Expected runtime and cost. ~5 minutes wall-clock at concurrency=50, ~$3–5 (the actual run came in at $1.04).

What the three probes test

All three are run on task_expr_parser (a creation task that elicits all 9 always-on rubric dimensions plus example_quality, but not concurrency_safety). Subjects: all 10 v2 main-run models. n=10 generations per probe under the full 10-judge cross-judge panel.

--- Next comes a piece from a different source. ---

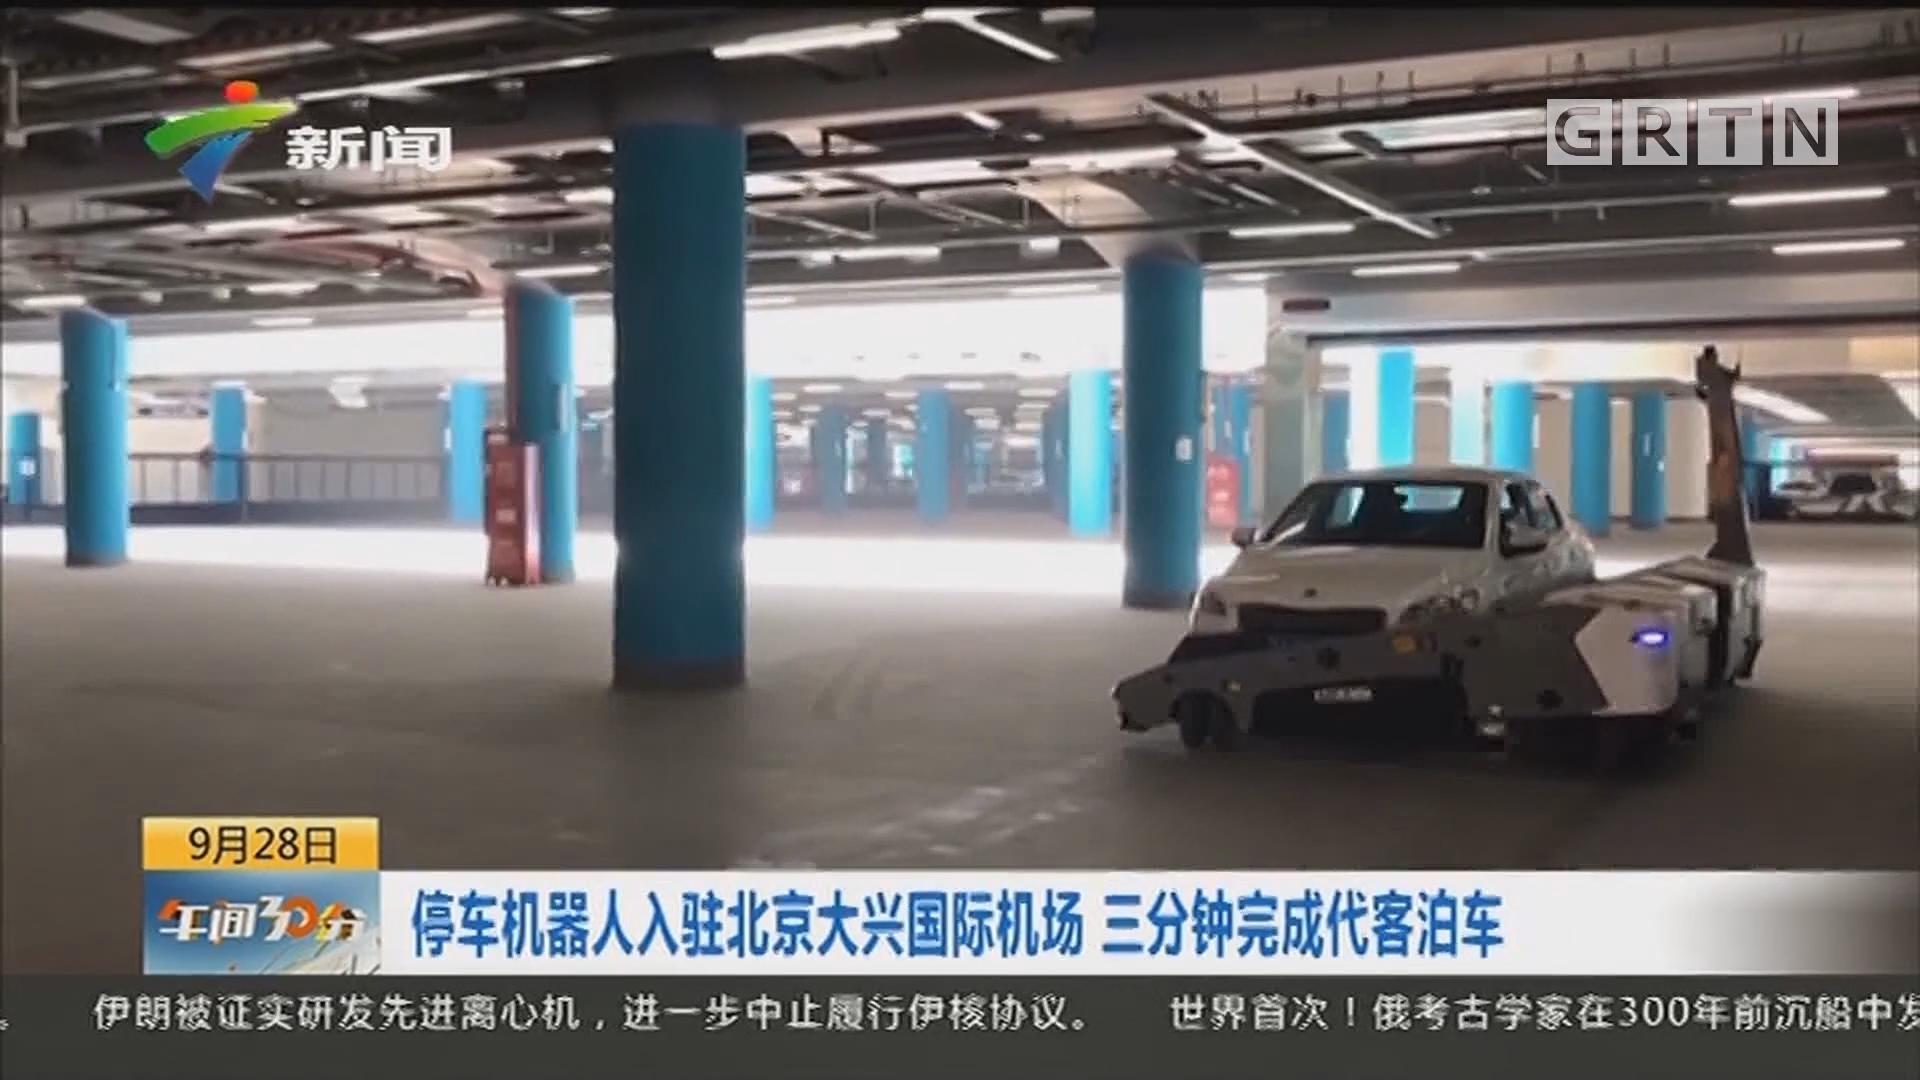 停车机器人入驻北京大兴国际机场 三分钟完成代客泊车

Probe Preamble shape What it isolates
A — long_directive_misaligned Same length + expert tone as long_directive, but 12 clauses naming axes not in the rubric (compactness, performance, determinism, etc.). If CQS-craft stays substantially above none, expert-framed directive priming has effect beyond rubric-naming. If it drops below, rubric-overlap is doing the work.
B — rubric_bare_list Just the rubric items as a bare enumerated list — no engineering-discipline framing. If this matches long_directive, naming the rubric items is the whole effect. If it falls short, imperative tone + framing contribute too.
C — antirubric_directive Same expert framing, but clauses explicitly deprioritize the rubric items (no docstrings, no type hints, no defensive guards). If CQS-craft drops below none, code-level surface markers track preamble priming even against the judges' stated rubric.

Expected output

All artifacts land under preamble_quality_experiment_v2/confound_probe_results/:

  • generations.jsonl — one row per probe generation (30 rows total: 3 probes × 10 subjects × 1 rep).
  • judgments.jsonl — one row per (sample, judge_model) rubric evaluation.
  • sample_cqs.json — per-generation CQS-craft and components.
  • REPORT.md — headline numbers per probe vs. main-run reference conditions (none, long_directive, negative_control, python_coder_agent), per-probe significance tests vs. none, per-dimension severity table, and a verdict on which mechanism story the probes support.

The original probe run found Probe A −0.155 vs. none (p=0.0001), Probe B +0.015 vs. none (p=0.50, recovering ~70% of long_directive's lift), Probe C −0.154 vs. none (p=0.0001). The refined mechanism story — attention-allocation, not judge information-leakage — is documented at INVESTIGATION_LOG.jsonl seq 49–51 and in REPORT_ADDENDUM.md.

Cross-reference

  • The probes were prompted by the post-main-run mechanism question. See Investigation logs seq 49 for the trigger.
  • Judges remained blind to the preamble throughout — the judge prompt sees only the code, not the subject's preamble. The clarification was added to CONCLUSIONS.md and the root README at log entry seq 51 to head off the "judges reward expert-toned preambles" misreading.
  • The probes provide the empirical basis for Limitation 1: CQS-craft is rubric-dependent.